また広場の大きさが十分にあるので、前にリリイとチャッピーが大好評を博した『魔物の解体ショー』を定期的に開催しようと思っている。
集客イベントとして抜群だと思うんだよね。
解体を担当するのはリリイとチャッピー、そして領軍の有志にお願いすればいいだろう。
みんなノリノリでやってくれそうな気がする。
これらの建物の建設は、レントンにやってもらった。
レントンは領城の中では、もうその存在が解禁されて自由に動きまわっている。
というか……いつも休憩の度に、ユーフェミア公爵に拉致されている……。
そういう状況なのでレントンはもう盆栽を装うのはやめて、普通に動いてもらうことにした。
『トレント』という存在は珍しい存在ではあっても、存在自体は広く知られているし『始原の中庸生物』だから大きな問題にはならないだろう。
レントンを解禁すると、建設関係の荒業が堂々とできるので、いろんなことがやりやすくなるしね。
そして『ミミック』のシチミだけが解禁されなくてカバン状態なのも可哀想なので、この際シチミも『ミミック』状態を解禁することにした。
もう俺達の存在は悪目立ちを通り越しているので、この領にいる限りは……なんでもありな気がしてきている……。
将来この領を出て旅をする場合は、目立たないようにしたいが、この領では最早手遅れだからね。
俺の『フェアリー商会』の事業についても、この三日間でかなり準備を進めた。
丸ごと一ブロック提供してもらった『中級エリア』に、『フェアリー商会』の領都支店の本部の建物と、すぐに始めるいくつかの事業の拠点となる建物を建設した。
今後、この丸ごとの一ブロックを『本部ブロック』と呼ぼうと思う。
ちなみに『フェアリー商会』の本店は、あくまで『マグネの街』に置くことにした。
規模としては領都の方が大きくなるだろうが、あくまで領都は支店というかたちにした。
始まりの地である『マグネの街』を大切にしたいし、なによりも今更変更するのが面倒くさいからだ。

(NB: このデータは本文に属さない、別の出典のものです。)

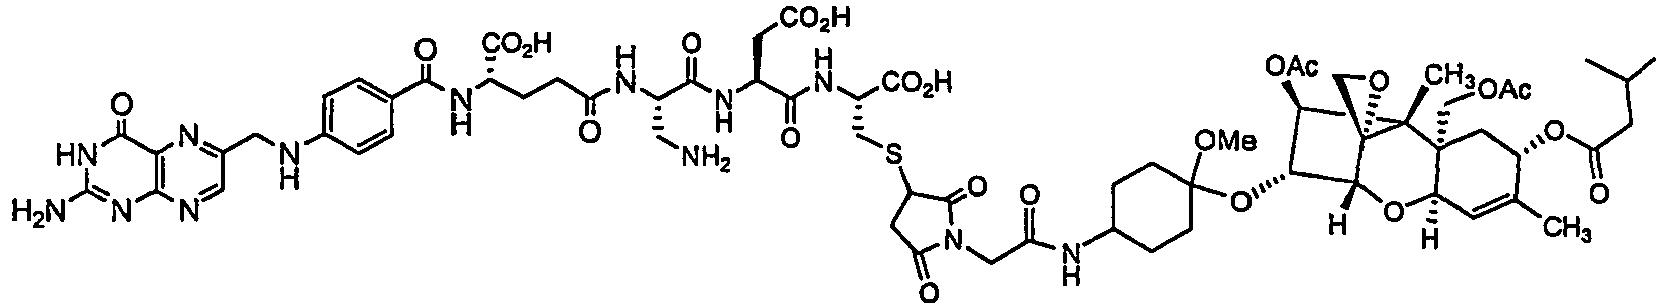 Figure imgb0060

必要な機材や資材も、準備できるものは全て準備を終えた。
一番の問題は、人の雇用である。
いい人材を集めたい。
特に運営を任せられる人材が必要だ。
ただ俺の中では、人材の当ては既についていた。
『正義の爪痕』に囚われていた女性たちを、採用しようと思っているのだ。
特に最初に救出した女性たちは、『厚化粧の女』をあぶり出すためとはいえ、一人一人俺が個別に面接を行ったのだ。
真剣に話を聞いたので、大体の人柄や希望もわかっている。
『フェアリー商会』は『領都』においても、雇用創出のために多様な事業展開をしていくことになる。

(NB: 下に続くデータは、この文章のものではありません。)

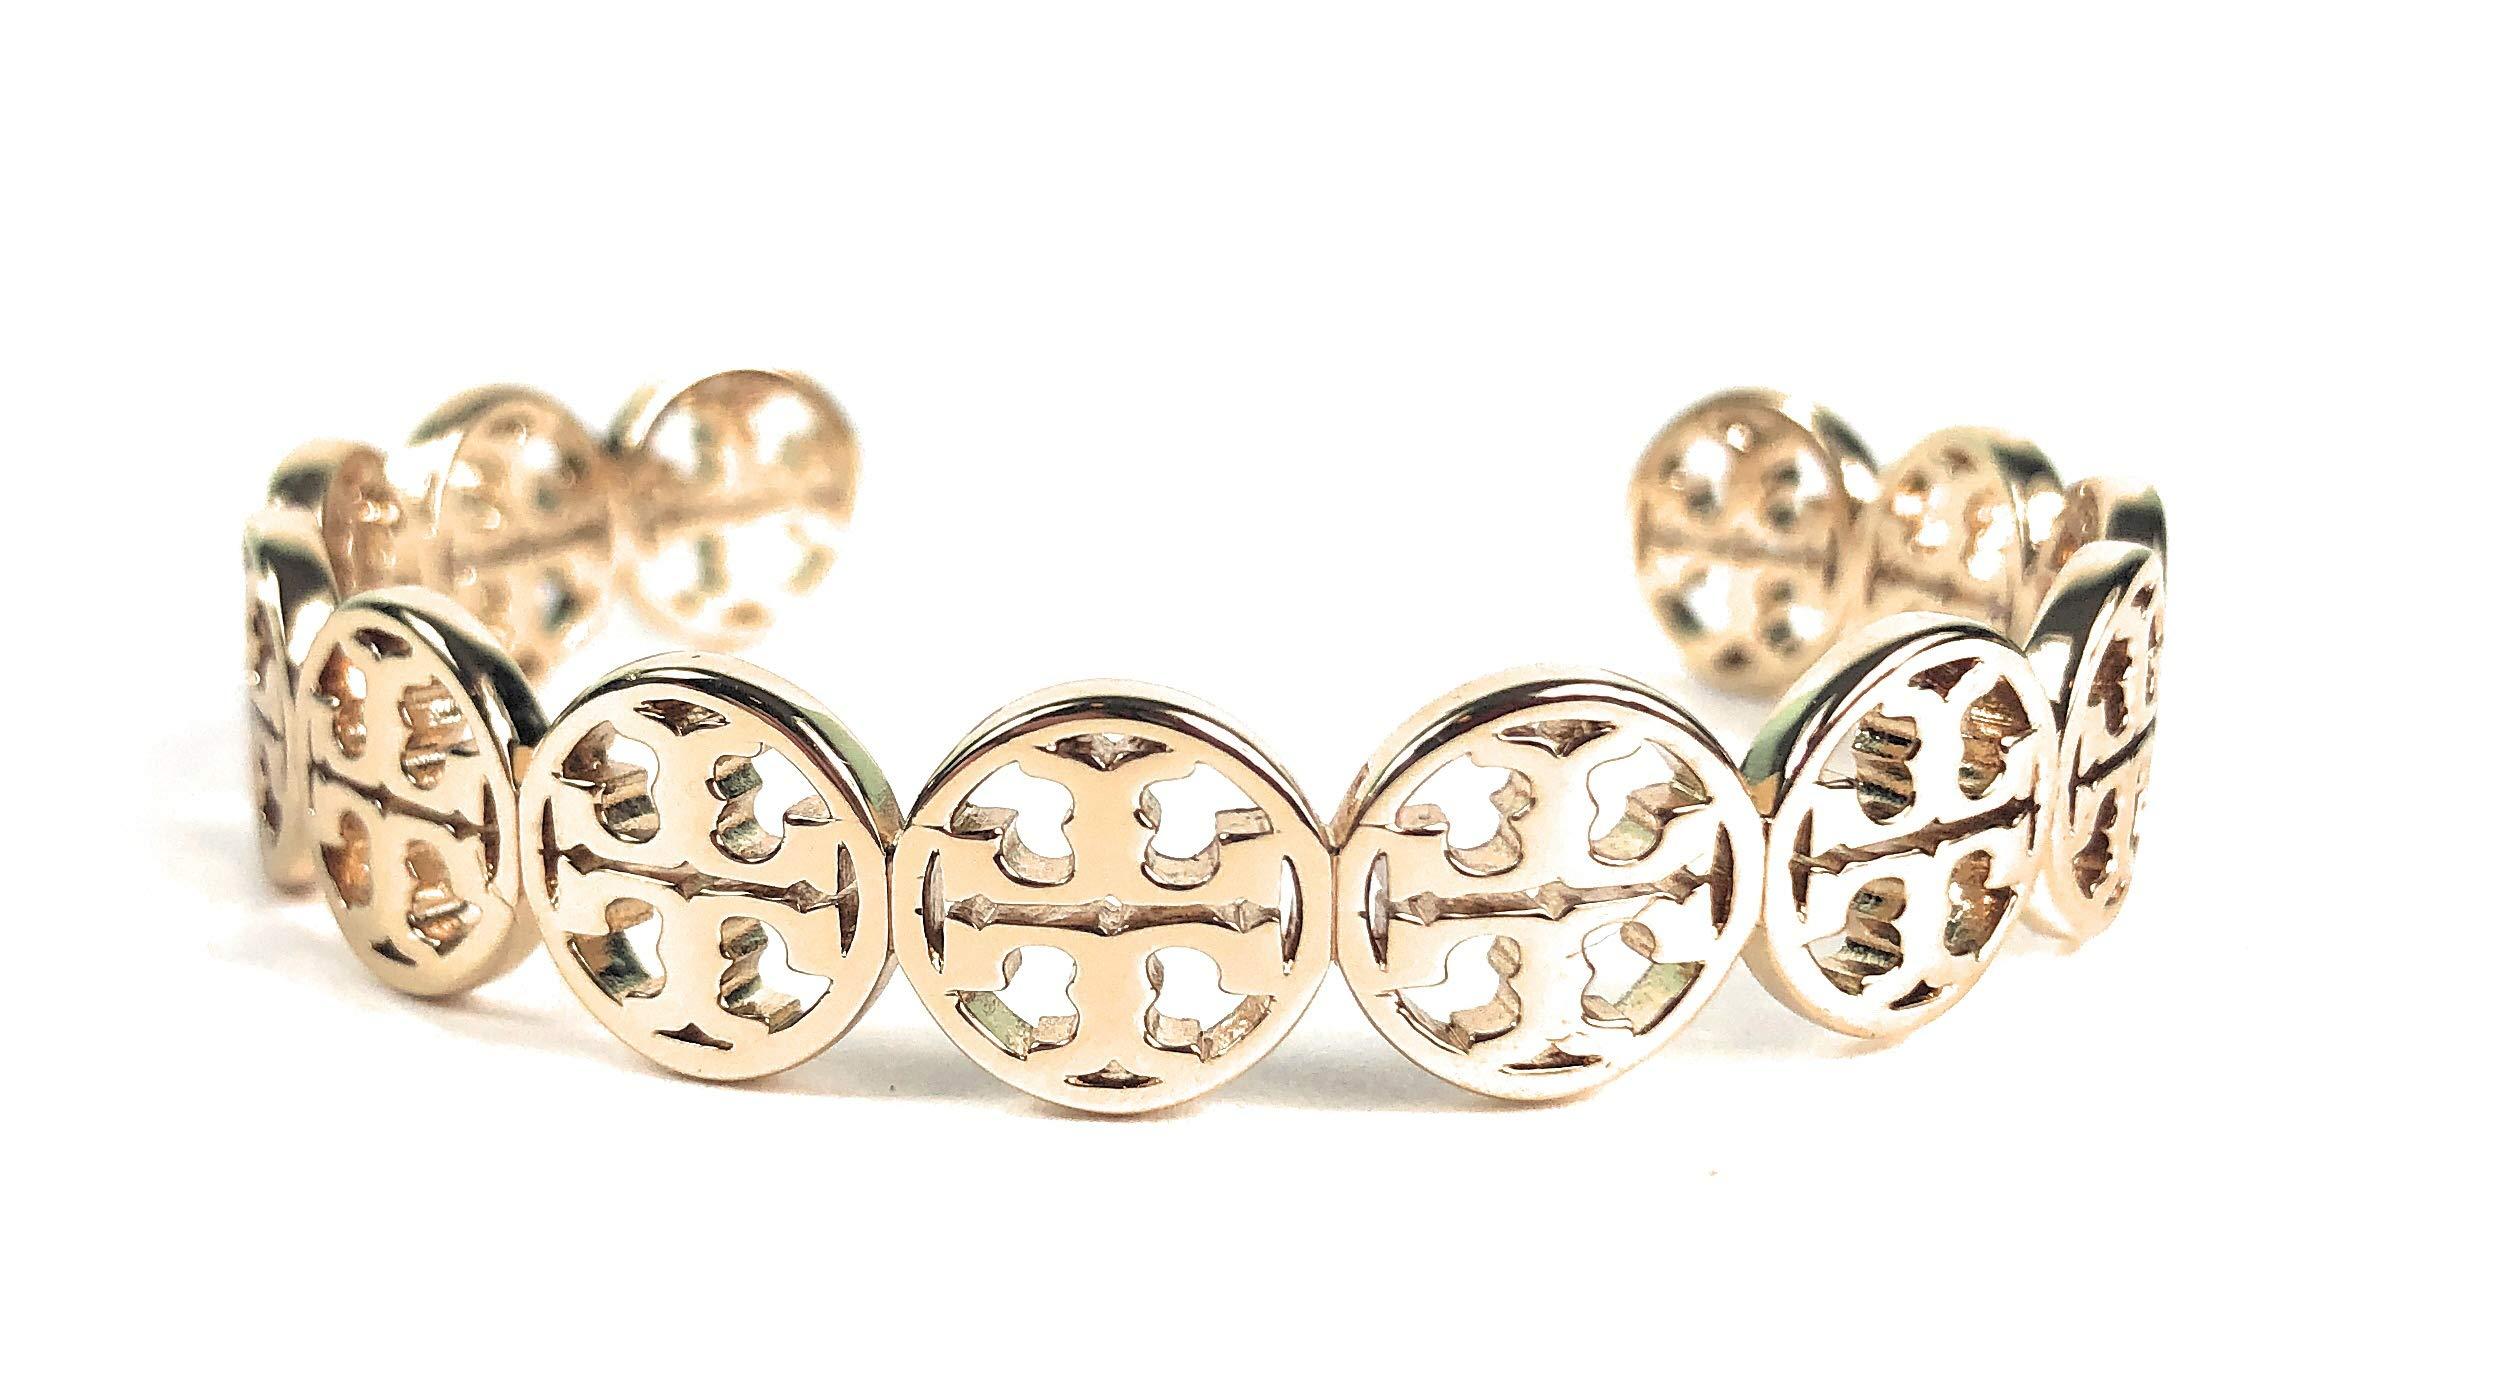 Tory Burch Frozen Logo Cuff Bracelet Goldtone Womans by Tory Burch

彼女たちの希望に合った仕事が、何かしら提供できると思う。
そしてサーヤも同じようなことを考えていたらしい。
三箇所のアジトで領軍の迎えがくるまでの間、転移が使えるサーヤに女性たちの世話を頼んでいたのだが、サーヤはそれ以上のことをやっていたのだ。

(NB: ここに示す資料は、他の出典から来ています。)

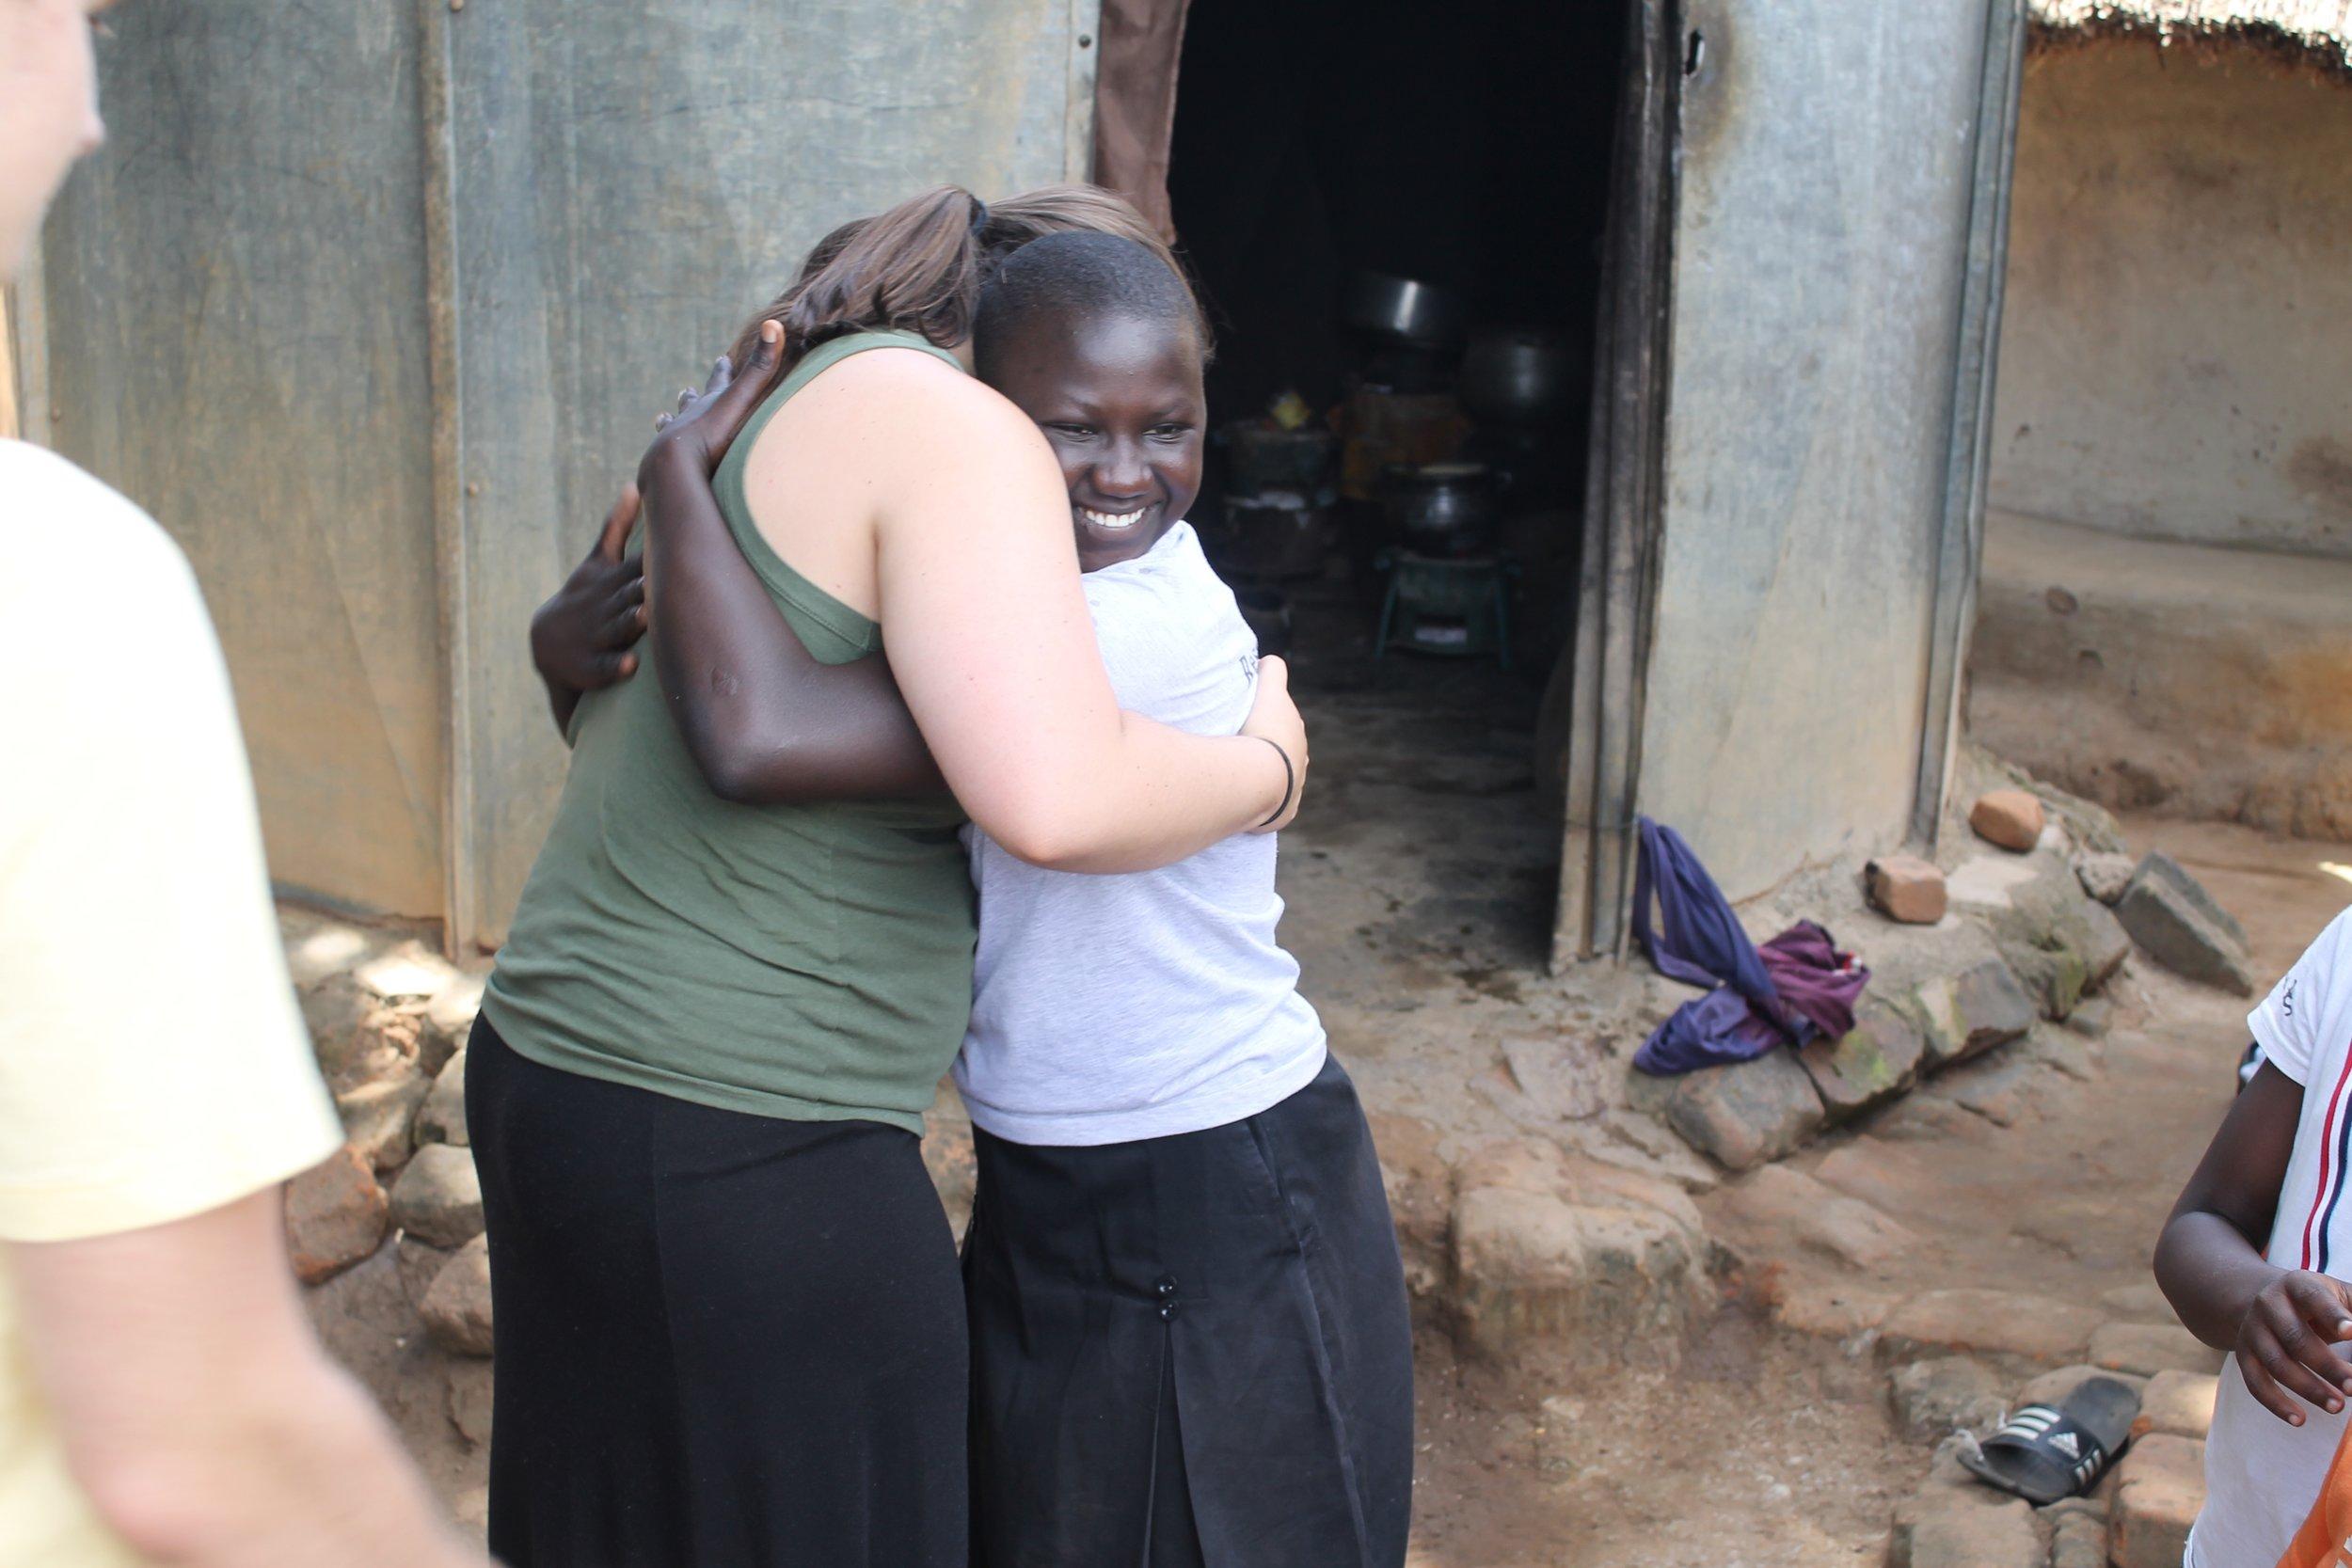 maria and laker hug.jpg

なんと領軍がくるまでの間、一人一人と個別に面談をして心情調査や就職希望などの聞き取りをしていたらしい。
そして既に、どの事業部門に雇用したらいいかという当てはめまで終わっているようだ。
話を聞いた時は、「さすがサーヤ!」と言うほかなかった……相変わらず優秀すぎる!
もちろん囚われていた人達以外にも希望者は随時面接し雇用しようと思っているが、今の状態では圧倒的に女性が多い商会になりそうだ。
『マグネの街』でもそうだったが、仕事が見つけにくい女性を中心に雇用するつもりなので特に問題はない。